So, it’s 2014.
Anyone else think that it’s sort of strange?
I was looking over my last years resolutions and I’m happy to say I completed most of them; I didn’t manage to read 60 books, but I read around 35 which is still good for someone who was in the Disney College Program and worked doubles twice a week. I took and edited a bunch of pictures… I just didn’t post them. I did not craft, I wanted to but I just never got around to it. I didn’t bake at all this year but I did learn how to cook! I sort of got a massage, I got a facial that came with a mini shoulder massage for my birthday and I loved it! I did learn a bit of French. And I did do some relaxing.
This year, I’m not going to write a resolutions list. I know, for the first time ever I’m committing the following year with no guideline list. Trust me, it’s scary.
But I will have a word that I will try to follow through out the year and I will have a set of goals.

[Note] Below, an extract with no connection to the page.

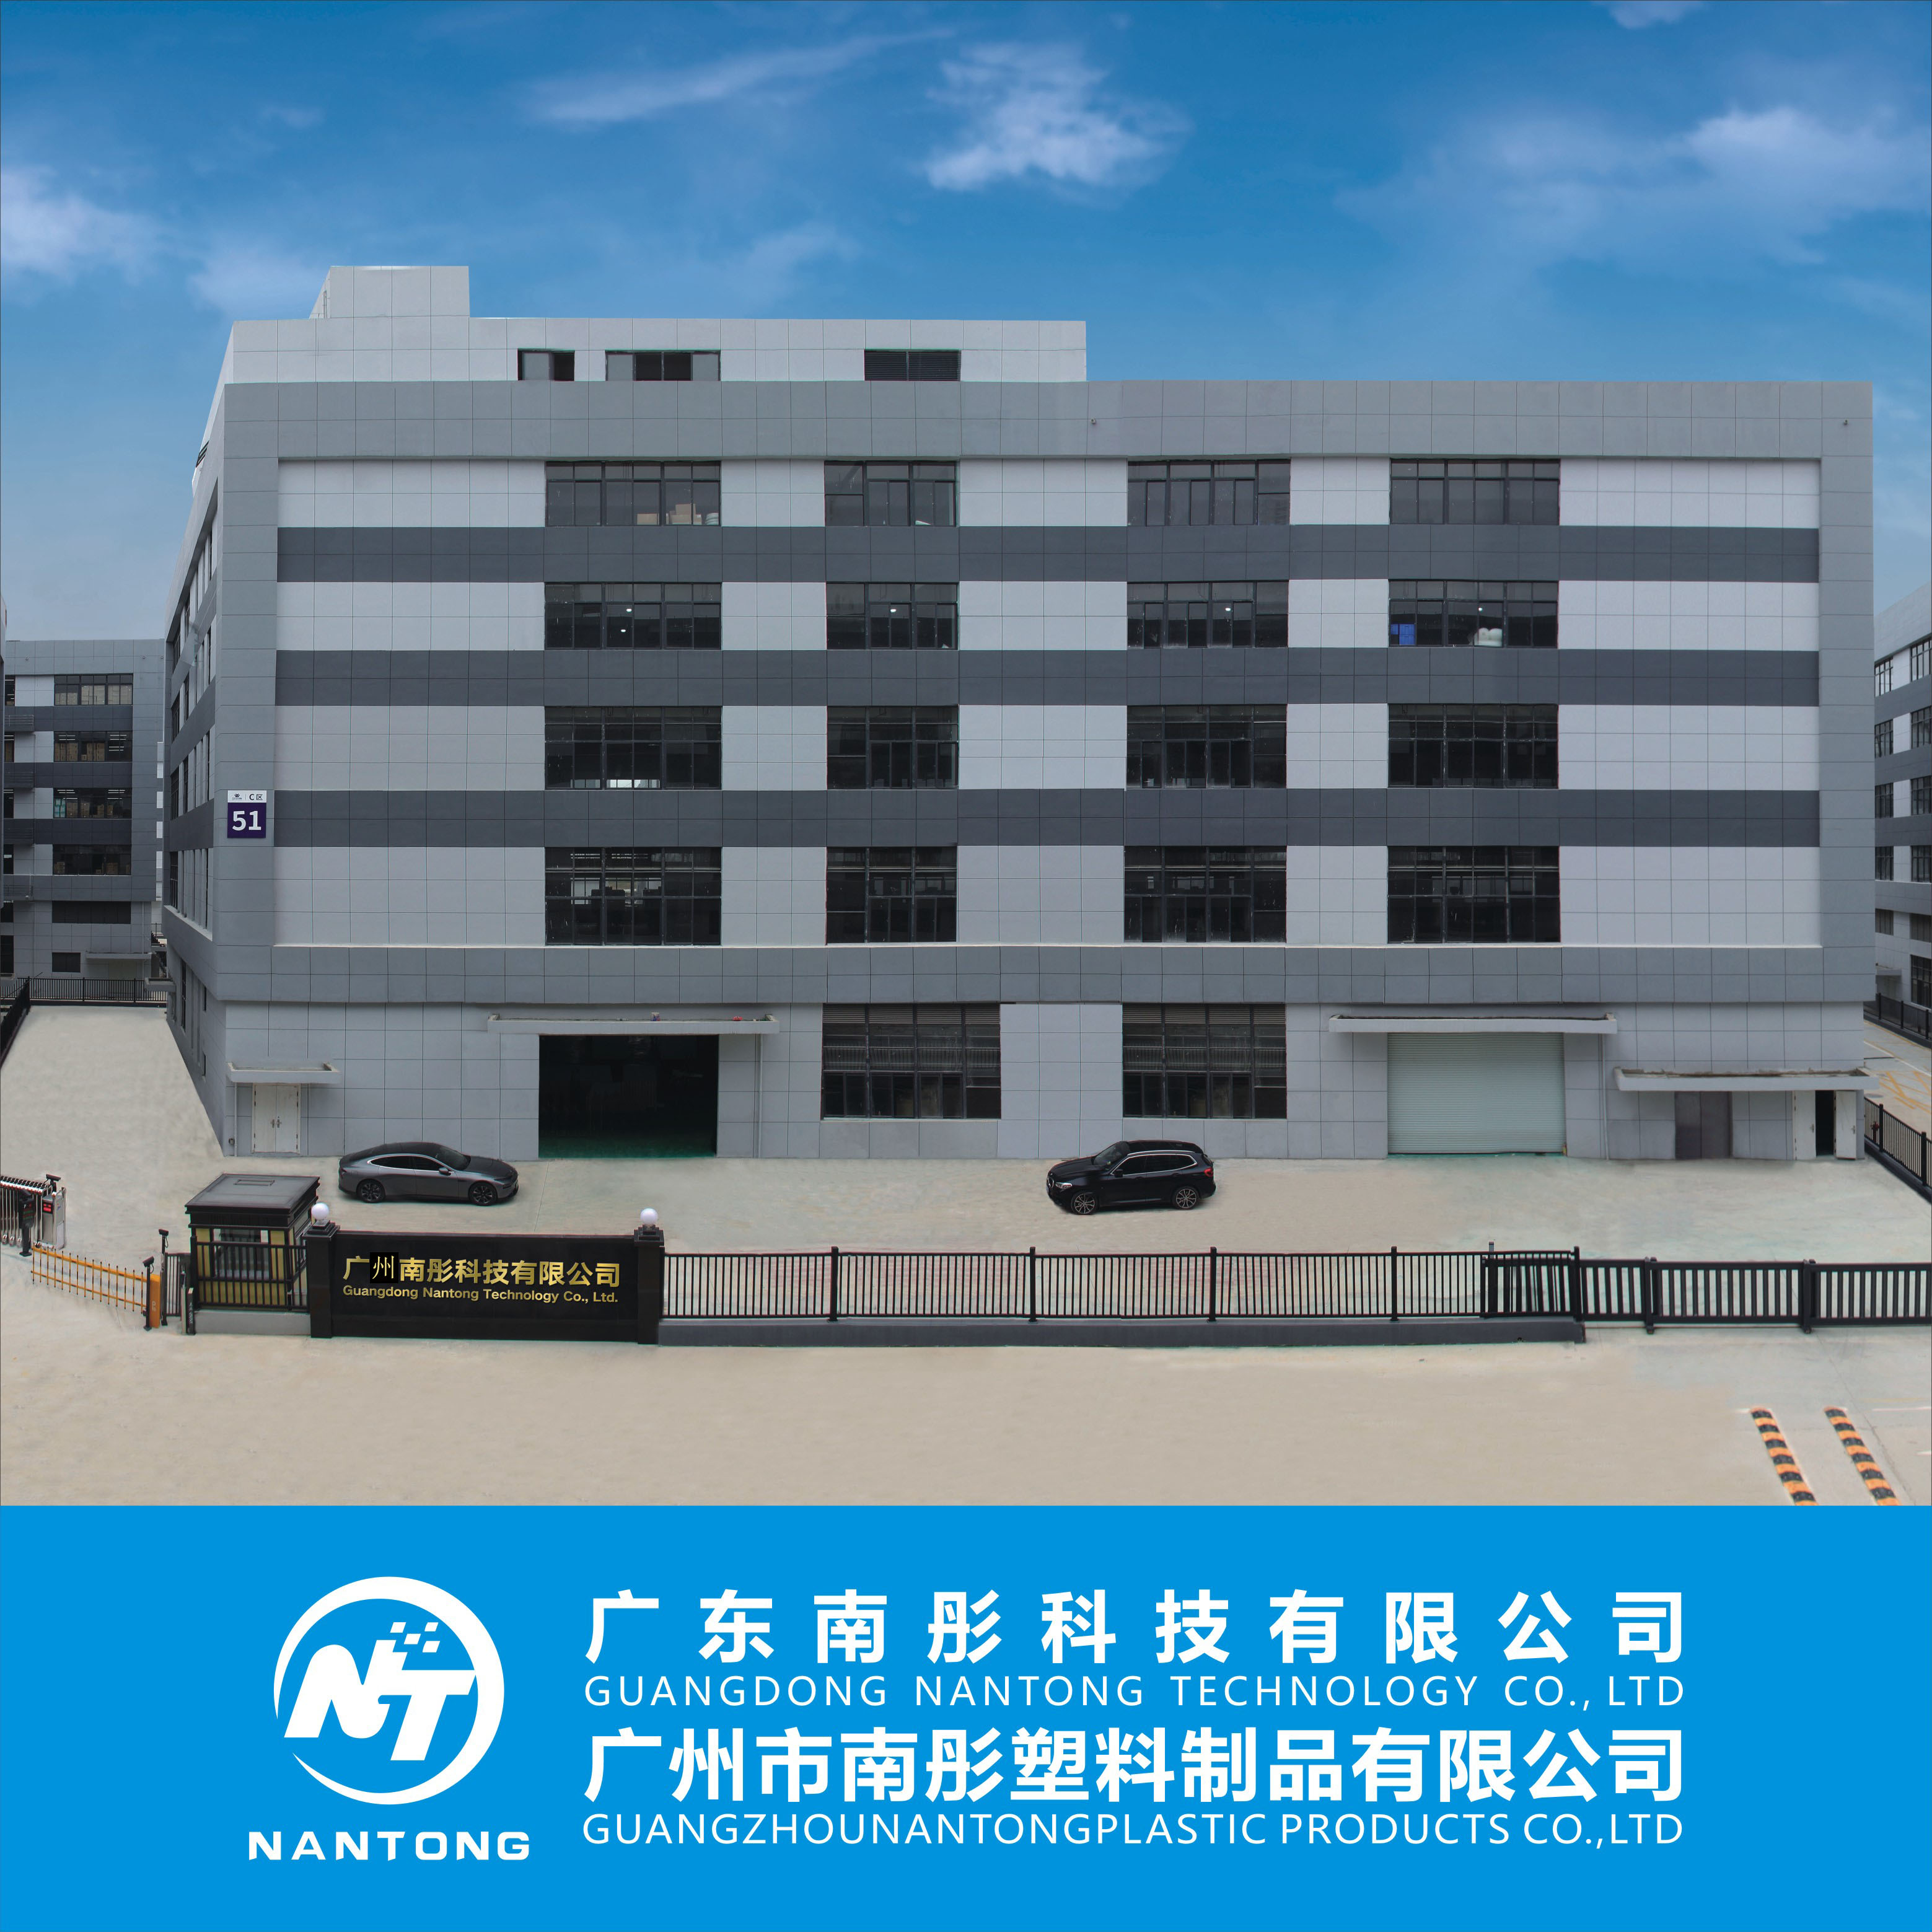 Guangzhou Nantong Plastic Products Co., Ltd.

So my 2014 word is —- Happiness.
Simple right? If it makes me happy, do it. If it doesn’t, don’t. I find happiness something that’s hard to achieve and it shouldn’t be! I’m turning 29 this year and I want to be happy. I want to be okay with my life, even if it’s not exactly where I want it to be. I want to learn how to be okay with it all. Yeah being an adult sucks and bills suck and debt sucks and not having a well enough paying job that provides health benefits suck but instead of sulking on how much everything sucks, why don’t I try harder to see the positive in things? Why don’t I try harder to realize that this is where my life is and until I change it, it will stay this way? And I don’t mean that in a “this is your fault” kind of way but more of a “you are not a tree, MOVE” kind of way. If that makes sense.
So, my goals for 2014 aren’t anything too extreme and I’m calling them goals because if I don’t complete them, my life isn’t over.

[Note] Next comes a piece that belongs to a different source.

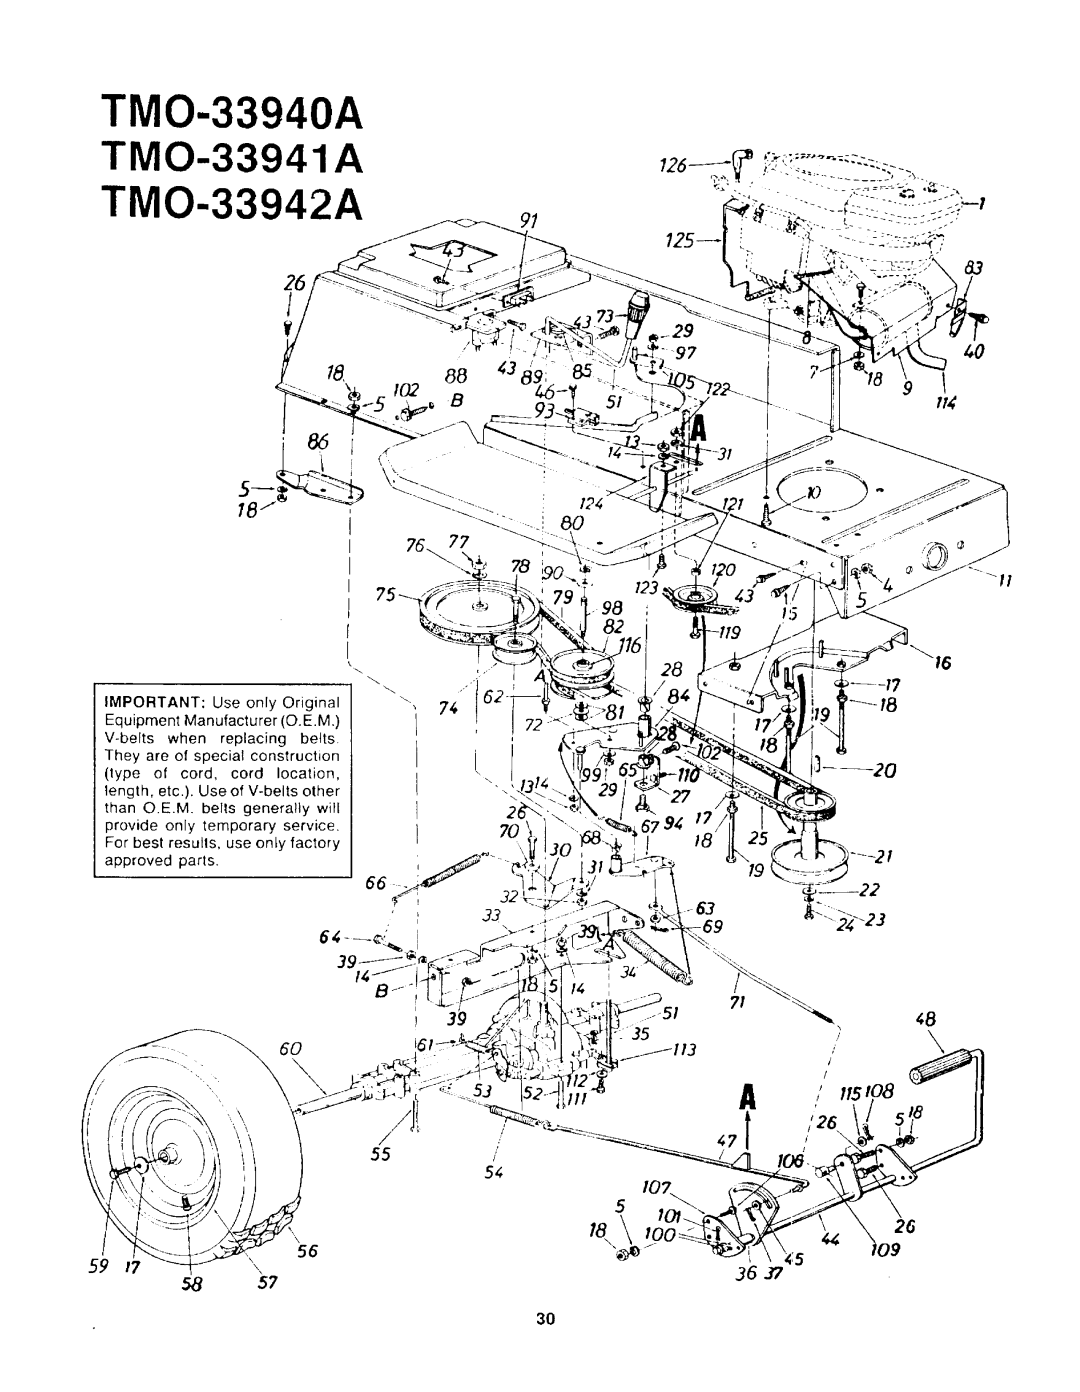 Montgomery Ward TMO-33941A, TMO-33940A, TMO-33942A manual

This is also the first year where I’m not challenging myself to read 50+ books in the last 3 years. While I’ve had fun trying to complete that challenge, this last year has shown me that even if I do read 30 books, I only really enjoyed 3 of them. So instead of racing everyone else in the book blogging community, I want to get back to reading books for fun. I mean I’ll still do blog tours and promo stuff but I want, for the majority of the time, to read books that I want to read no matter what the hype or release date is.

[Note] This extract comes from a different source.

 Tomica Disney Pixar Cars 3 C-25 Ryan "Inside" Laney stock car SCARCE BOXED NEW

You’d think that someone with OCD would be SUPER organized right? No. Not I. I have a hoarding problem and though it’s not as bad as it use to be, if you take a look at my living room you’ll wonder wtf is even happening. So yes, I need to tidy this because I can’t use the “oh we just moved in excuse” anymore since that happened 5 months ago.
- Post 1 – 2 videos per week
This is probably one of the most ambitious goals I have for myself this year. But I really want to get into the swing of posting vlogs and videos and learning how to edit better with iMovie and learn how to edit with Final Cut X.
- Go somewhere you’ve never been
I got this from an article and I thought it was cool. Living in Orlando I haven’t ventured outside of Orlando because man… these tolls! But I really want to see Tampa and Winter Park and a few other places.
I bought a slow cooker recently and I have no idea what to do with it. Our first project was a fail so I’m hoping to learn how to make something better!
I started couponing last year (so crazy to think that yesterday was last year) and I’m getting better at finding good deals but I think I can do better!
Believe it or not, hubby and I don’t have a savings account. Like, literally. At all. And I think at this age, that’s kiiiiiinda… bad. So while money is already tight as it is, we need to figure out a way to start a savings account!
And the next few are just usual ones that I don’t really count as goals because they’re something I strive to do everyday anyway.
- Take more pictures
- Continue learning French
- Pass all your classes
- Craft
Despite all this stuff, my ultimate goal this year is to learn and to be happy. So if I at least achieve that, I’ll feel accomplished!
What are some of your goals this upcoming year? Do you do resolutions?